[COLLECTED DATA — start]

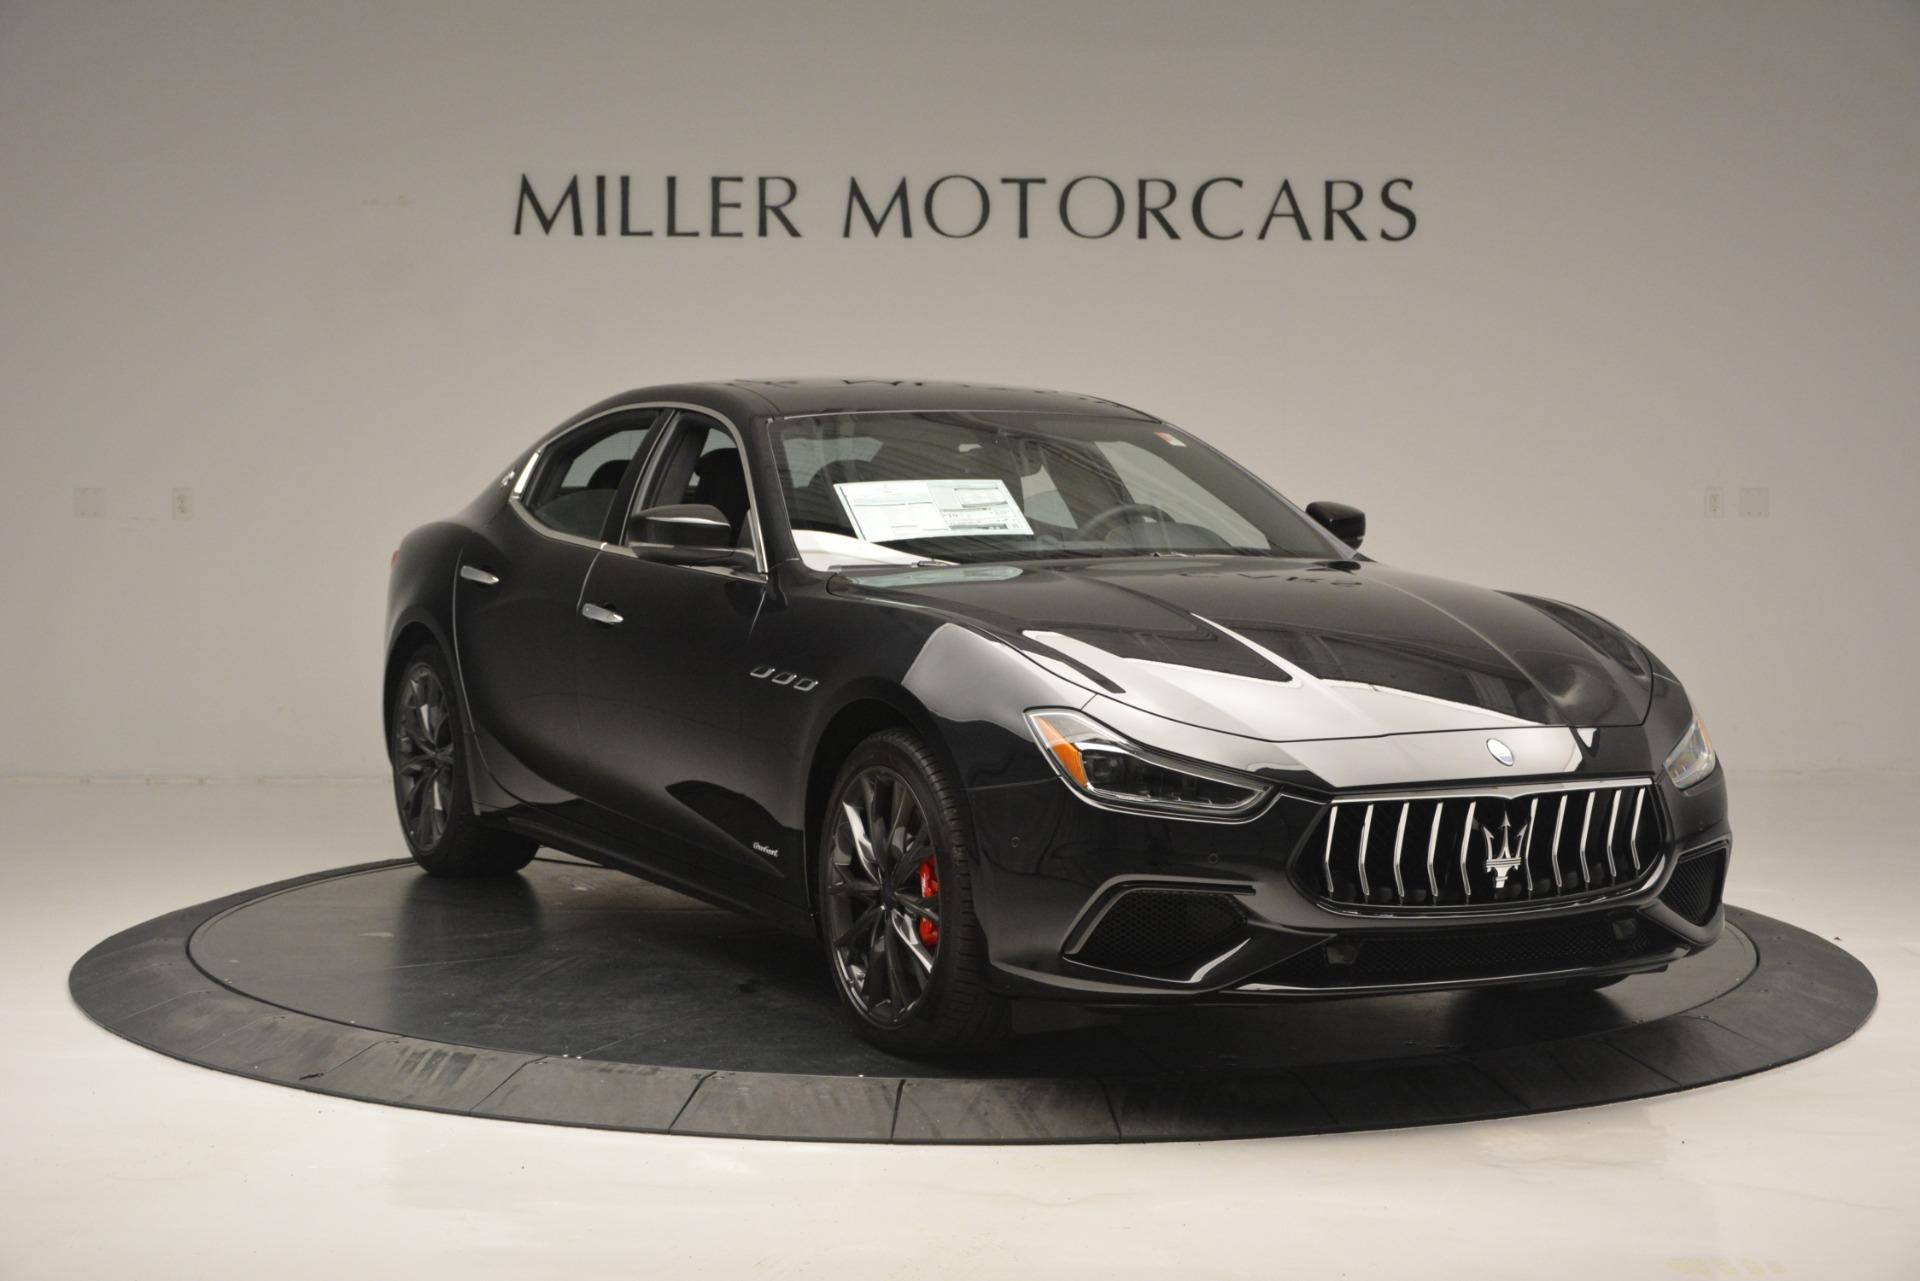 New 2019 Maserati Ghibli S Q4 GranSport For Sale In Greenwich, CT 2765_p11
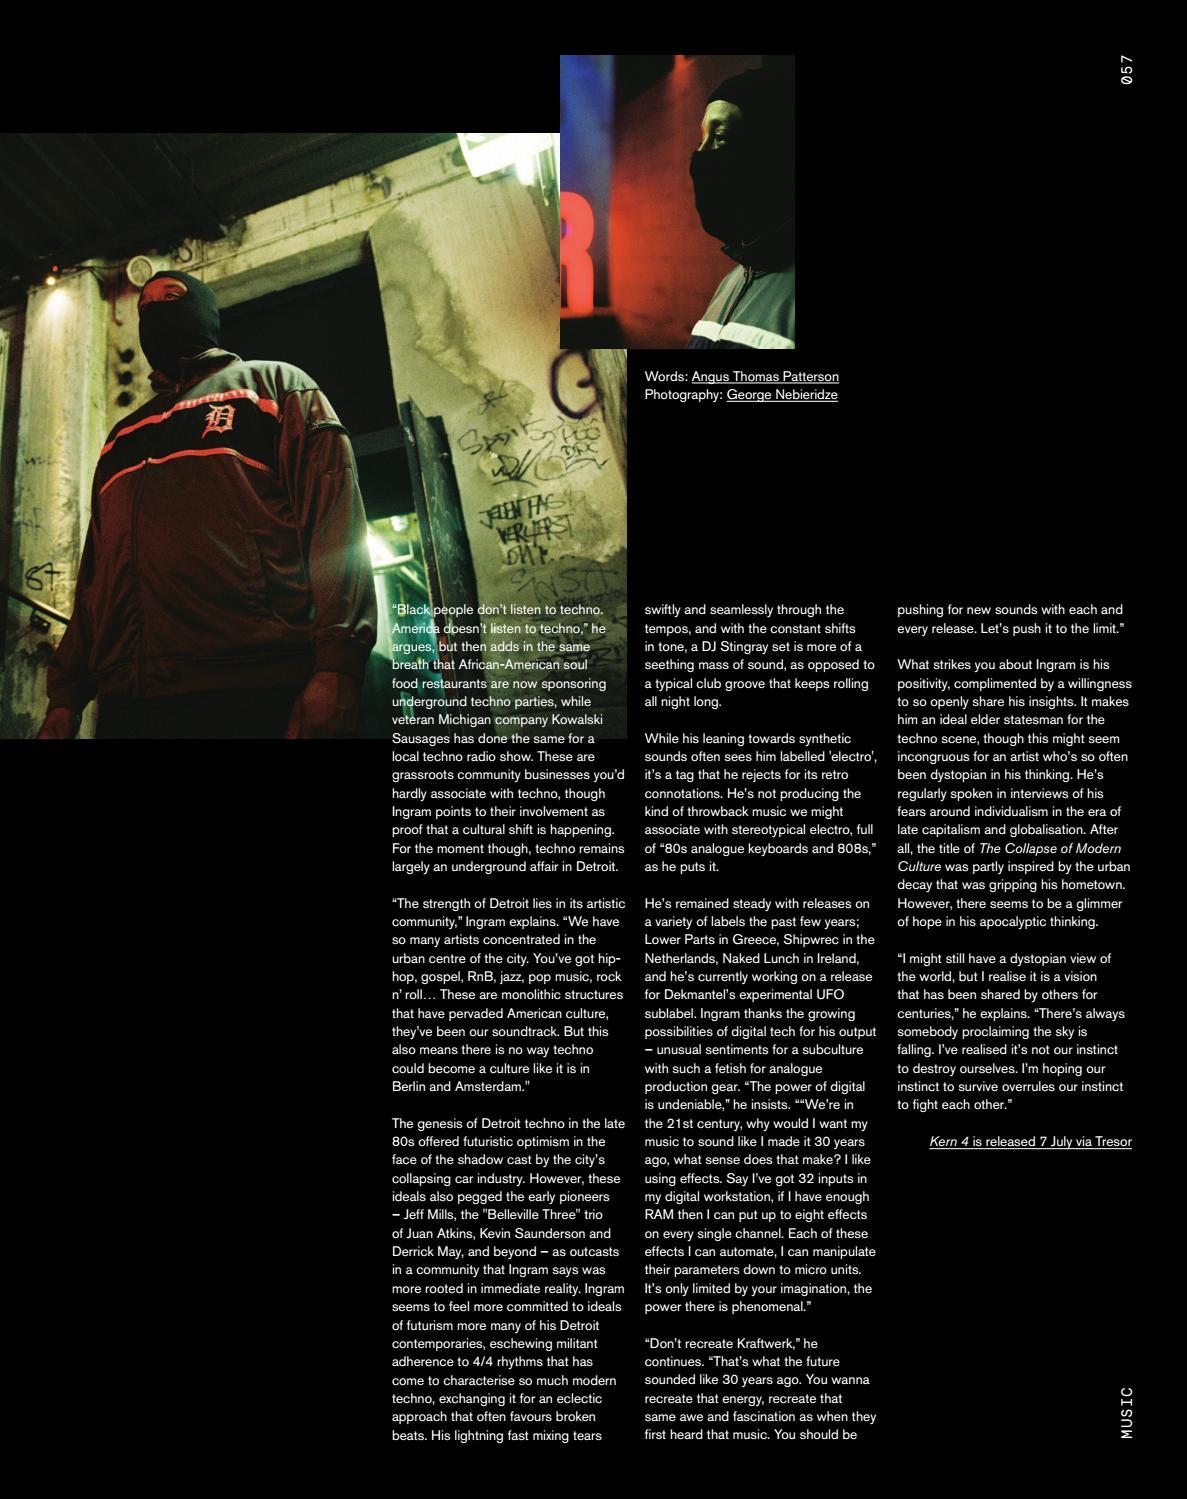 CRACK Issue 78 by Crack Magazine - issuu
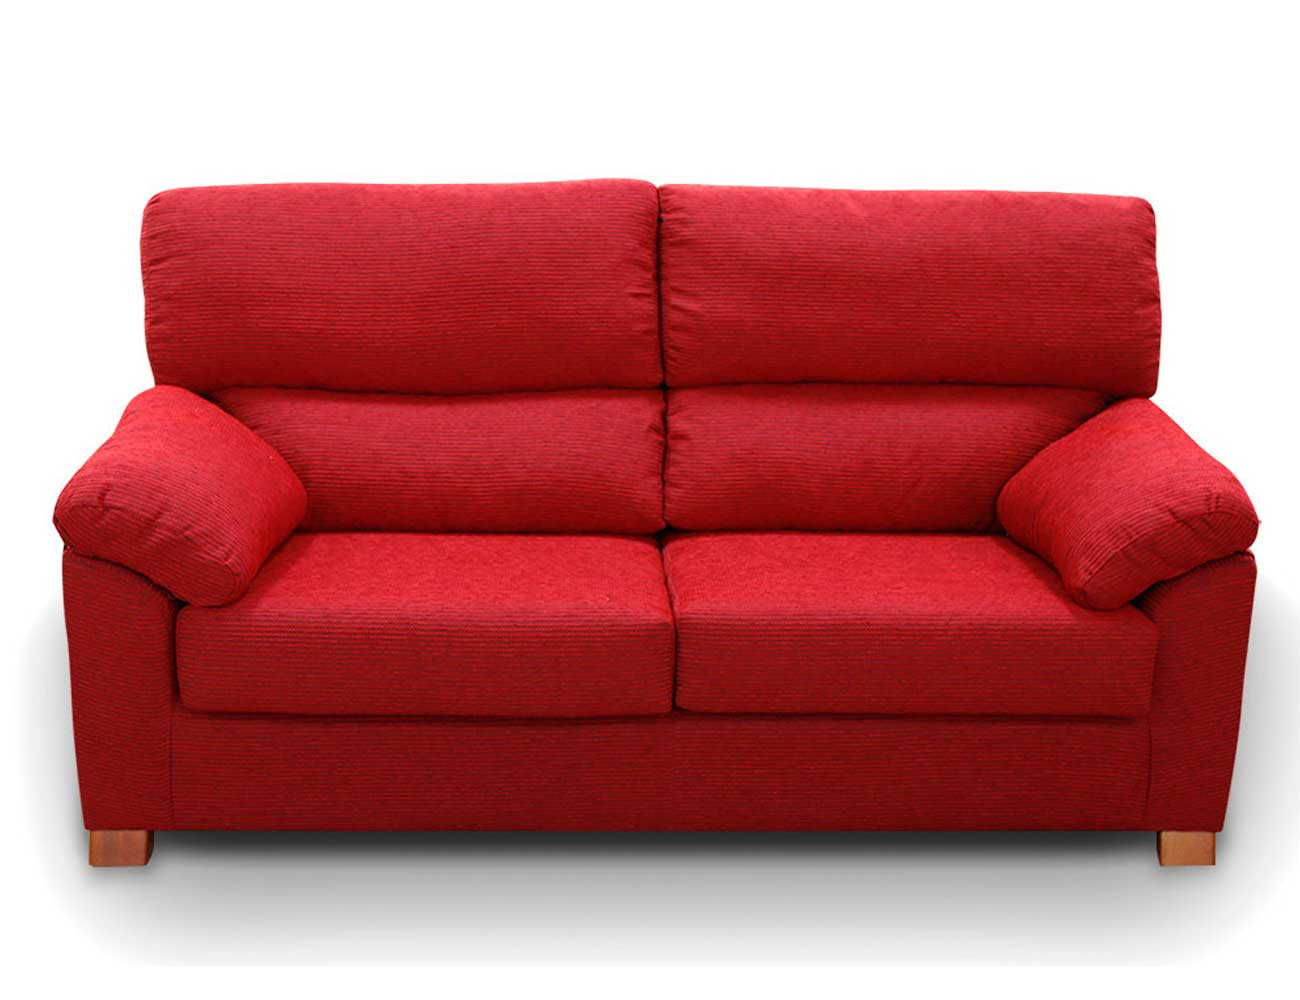 Sof cama con sistema extraible 7020 factory del for Sofa 4 plazas barato

[COLLECTED DATA — finish]

WHAT TO PRODUCE
Starting with the line that holds "CRACK Issue 78 by Crack Magazine - issuu", reproduce exactly each line up to and including the last line of the material above, and drop the pictures.

SOLVED PROBLEM
 CRACK Issue 78 by Crack Magazine - issuu
 Sof cama con sistema extraible 7020 factory del for Sofa 4 plazas barato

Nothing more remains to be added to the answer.